With regard to complementarity, it is important for some diagnostic applications to determine whether the hybridization represents complete or partial complementarity. For example, where it is desired to detect simply the presence or absence of pathogen DNA or RNA (such as from a virus, bacterium, fungi, mycoplasma, protozoan) it is only important that the hybridization method ensures hybridization when the relevant sequence is present; conditions can be selected where both partially complementary probes and completely complementary probes will hybridize. Other diagnostic applications, however, may require that the hybridization method distinguish between partial and complete complementarity. It may be of interest to detect genetic polymorphisms. For example, human hemoglobin is composed, in part, of four polypeptide chains. Two of these chains are identical chains of 141 amino acids (alpha chains) and two of these chains are identical chains of 146 amino acids (beta chains). The gene encoding the beta chain is known to exhibit polymorphism. The normal allele encodes a beta chain having glutamic acid at the sixth position. The mutant allele encodes a beta chain having valine at the sixth position. This difference in amino acids has a profound (most profound when the individual is homozygous for the mutant allele) physiological impact known clinically as sickle cell anemia. It is well known that the genetic basis of the amino acid change involves a single base difference between the normal allele DNA sequence and the mutant allele DNA sequence.

Unless combined with other techniques (such as restriction enzyme analysis), methods that allow for the same level of hybridization in the case of both partial as well as complete complementarity are typically unsuited for such applications; the probe will hybridize to both the normal and variant target sequence. Hybridization, regardless of the method used, requires some degree of complementarity between the sequence being assayed (the target sequence) and the fragment of DNA used to perform the test (the probe). (Of course, one can obtain binding without any complementarity but this binding is nonspecific and to be avoided.)

The complement of a nucleic acid sequence as used herein refers to an oligonucleotide which, when aligned with the nucleic acid sequence such that the 5' end of one sequence is paired with the 3' end of the other, is in "antiparallel association." Certain bases not commonly found in natural nucleic acids may be included in the nucleic acids of the present invention and include, for example, inosine and 7-deazaguanine complementarity need not be perfect; stable duplexes may contain mismatched base pairs or unmatched bases. Those skilled in the art of nucleic acid technology can determine duplex stability empirically considering a number of variables including, for example, the length of the oligonucleotide, base composition and sequence of the oligonucleotide, ionic strength and incidence of mismatched base pairs.
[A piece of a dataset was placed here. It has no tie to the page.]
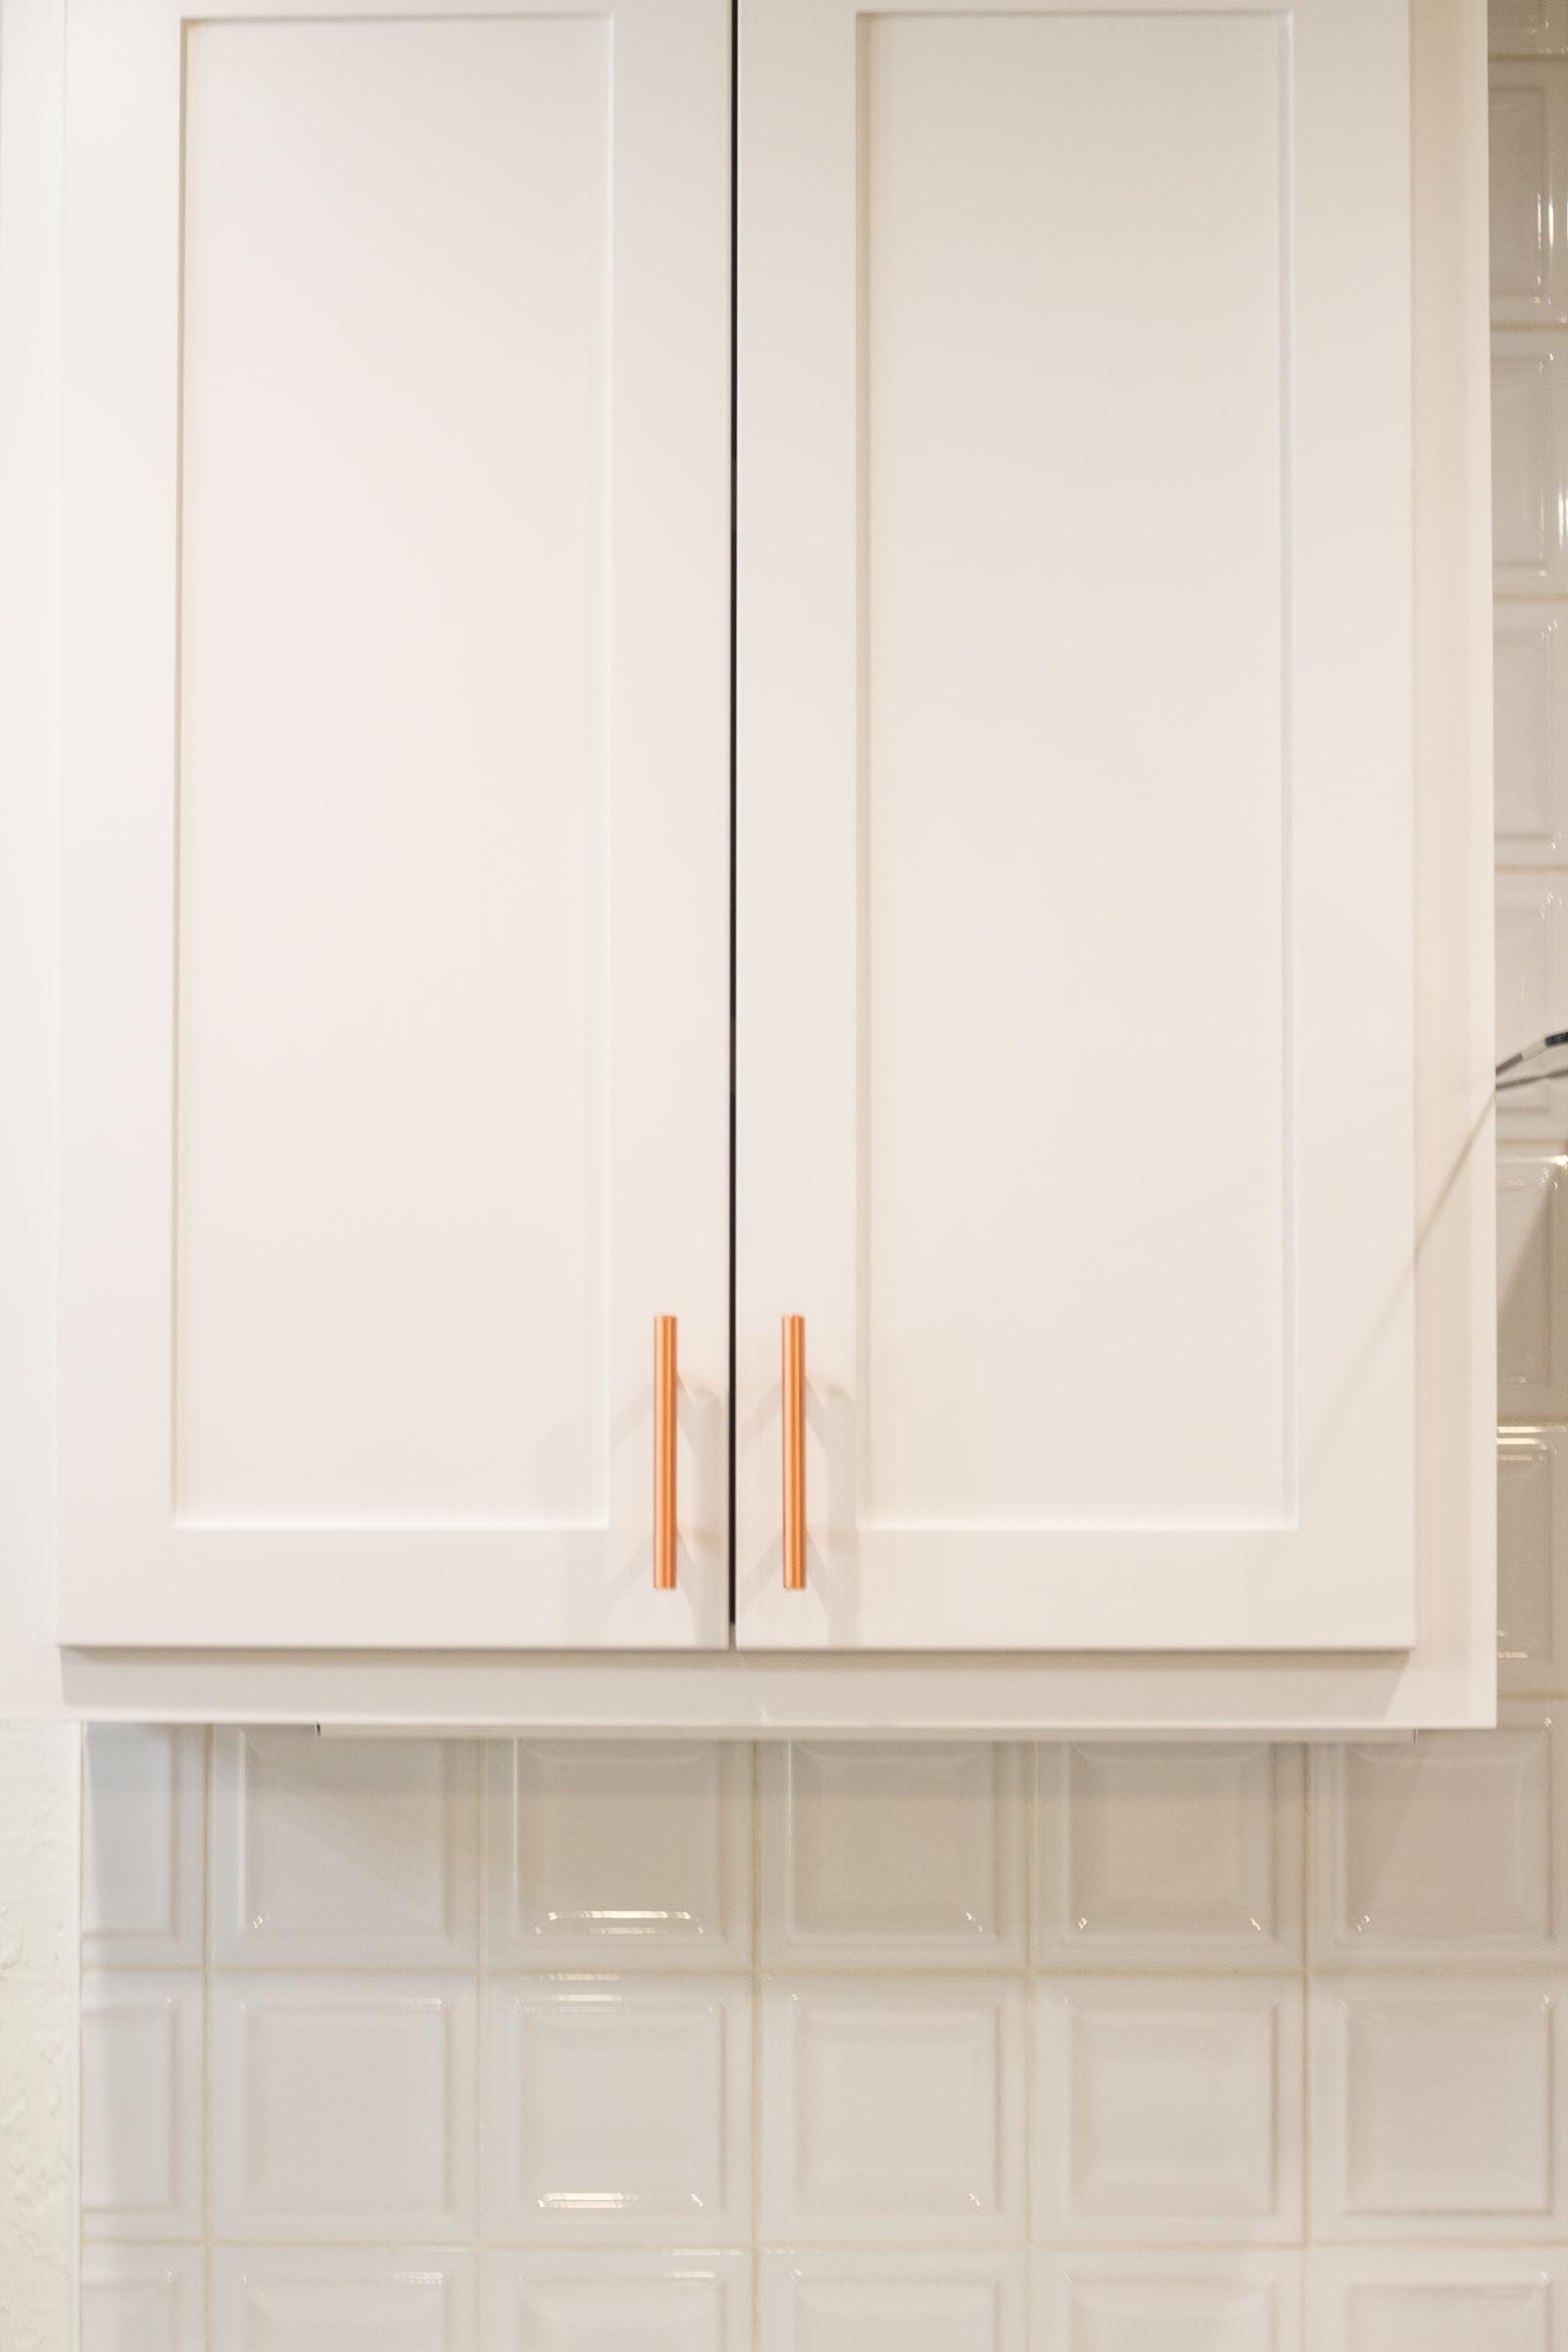 White shaker cabinets and backsplash with copper hardware

Stability of a nucleic acid duplex is measured by the melting temperature, or "T_m." The T_m of a particular nucleic acid duplex under specific conditions is the temperature at which on average half of the base pairs have disassociated. The equation for calculating the T_m of nucleic acids is well known in the art. As indicated by strand references, an estimate of the T_m value may be calculated by the equation: T_m - 81.5°C + 16.6 log M+ .41(%GC) - 0.61 (% form) - 500/L where M is the molarity of monovalent cations, %GC is the percentage of guanosine and cytosine nucleotides in the DNA, %form is the percentage of formamide in the hybridization solution, and L = length of the hybrid in base pairs [See, e.g., Guide to Molecular Cloning Techniques, Ed. S.L. Berger and A.R. Kimmel, in Methods in Enzymology Vol. 152, 401 (1987)]. Other references include more sophisticated computations which take structural as well as sequence characteristics into account for the calculation of T_m.
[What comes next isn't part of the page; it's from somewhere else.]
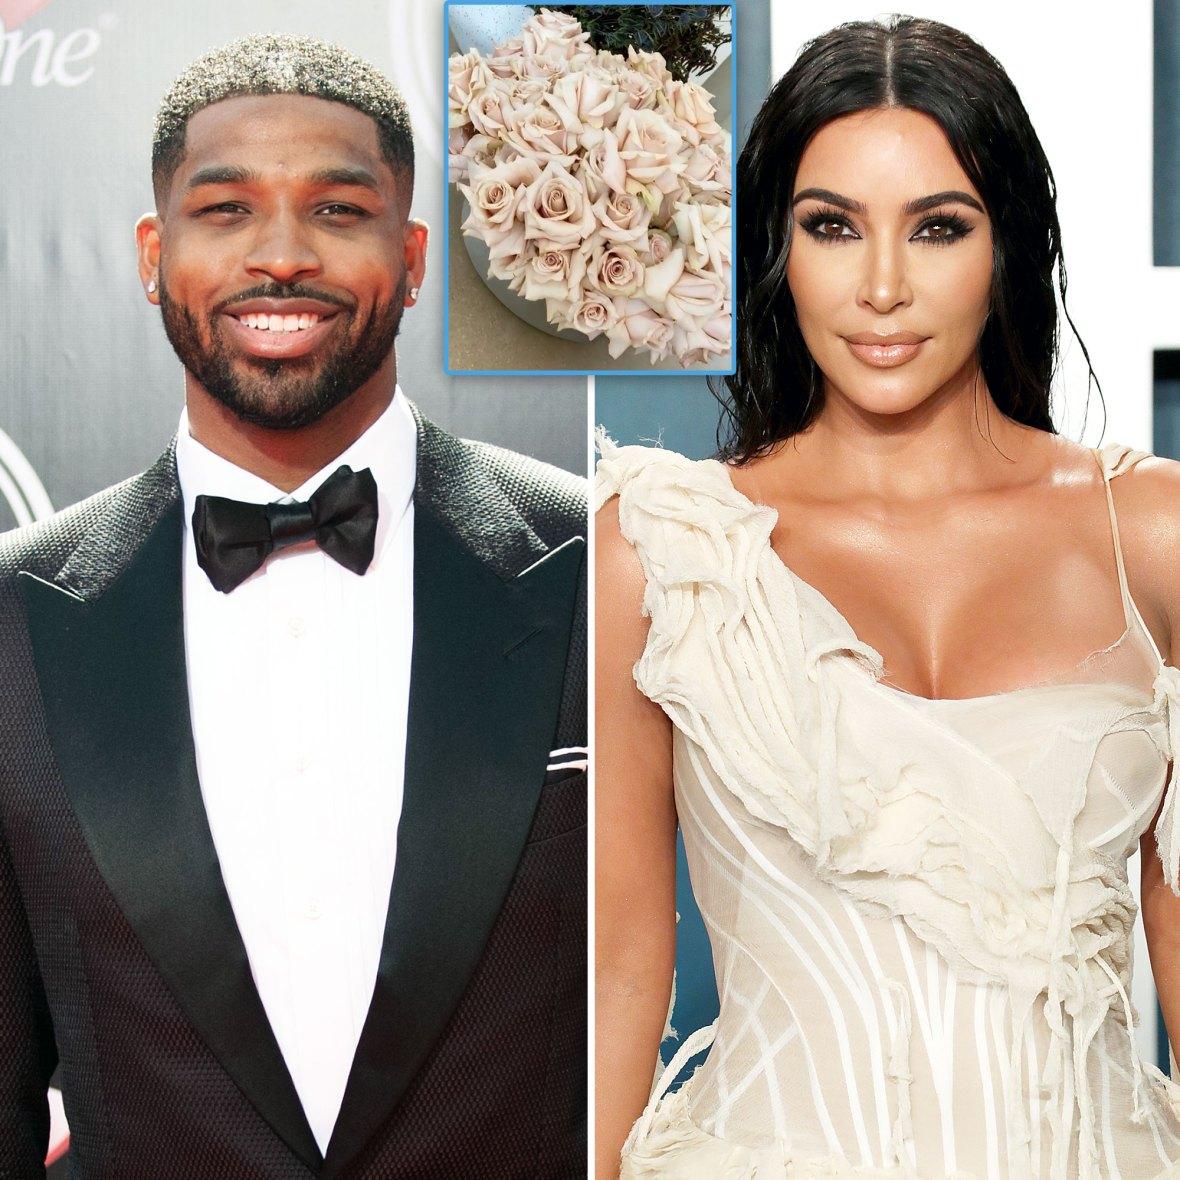 Tristan Thompson Sends Flowers to Kim Kardashian Ahead of Mothers Day

The term "probe" as used herein refers to a labeled oligonucleotide which forms a duplex structure with a sequence in another nucleic acid, due to complementarity of at least one sequence in the probe with a sequence in the other nucleic acid.

The term "label" as used herein refers to any atom or molecule which can be used to provide a detectable (preferably quantifiable) signal, and which can be attached to a nucleic acid or protein. Labels may provide signals detectable fluorescence, radioactivity, colorimetry, gravimetry, X-ray diffraction or absorption, magnetism, enzymatic activity, and the like. Such labels can be added to the oligonucleotides of the present invention.

The terms "nucleic acid substrate" and nucleic acid template" are used herein interchangeably and refer to a nucleic acid molecule which may comprise single- or double-stranded DNA or RNA.

The term "substantially single-stranded" when used in reference to a nucleic acid substrate means that the substrate molecule exists primarily as a single strand of nucleic acid in contrast to a double-stranded substrate which exists as two strands of nucleic acid which are held together by inter-strand base pairing interactions. The term "sequence variation" as used herein refers to differences in nucleic acid sequence between two nucleic acid templates. For example, a wild-type structural gene and a mutant form of this wild-type structural gene may vary in sequence by the presence of single base substitutions and/or deletions or insertions of one or more nucleotides. These two forms of the structural gene are said to vary in sequence from one another. A second mutant form of the structural gene may exist. This second mutant form is said to vary in sequence form both the wild-type gene and the first mutant form of the gene. It should be noted that, while the invention does not require that a comparison be made between one or more forms of a gene to detect sequence variations, such comparisons are possible with the oligo/ solid support matrix of the present invention using particular hybridization conditions as described in U.S. Pat. Appl. Ser. No. 08/231,440, hereby incorporated by reference. "Oligonucleotide primers matching or complementary to a gene sequence" refers to oligonucleotide primers capable of facilitating the template-dependent synthesis of single or double-stranded nucleic acids. Oligonucleotide primers matching or complementary to a gene sequence may be used in PCRs, reverse transcriptase-PCR (RT-PCRs) and the like. A "consensus gene sequence" refers to a gene sequence which is derived by comparison of two or more gene sequences and which describes the nucleotides most often present in a given segment of the genes; the consensus sequence is the canonical sequence.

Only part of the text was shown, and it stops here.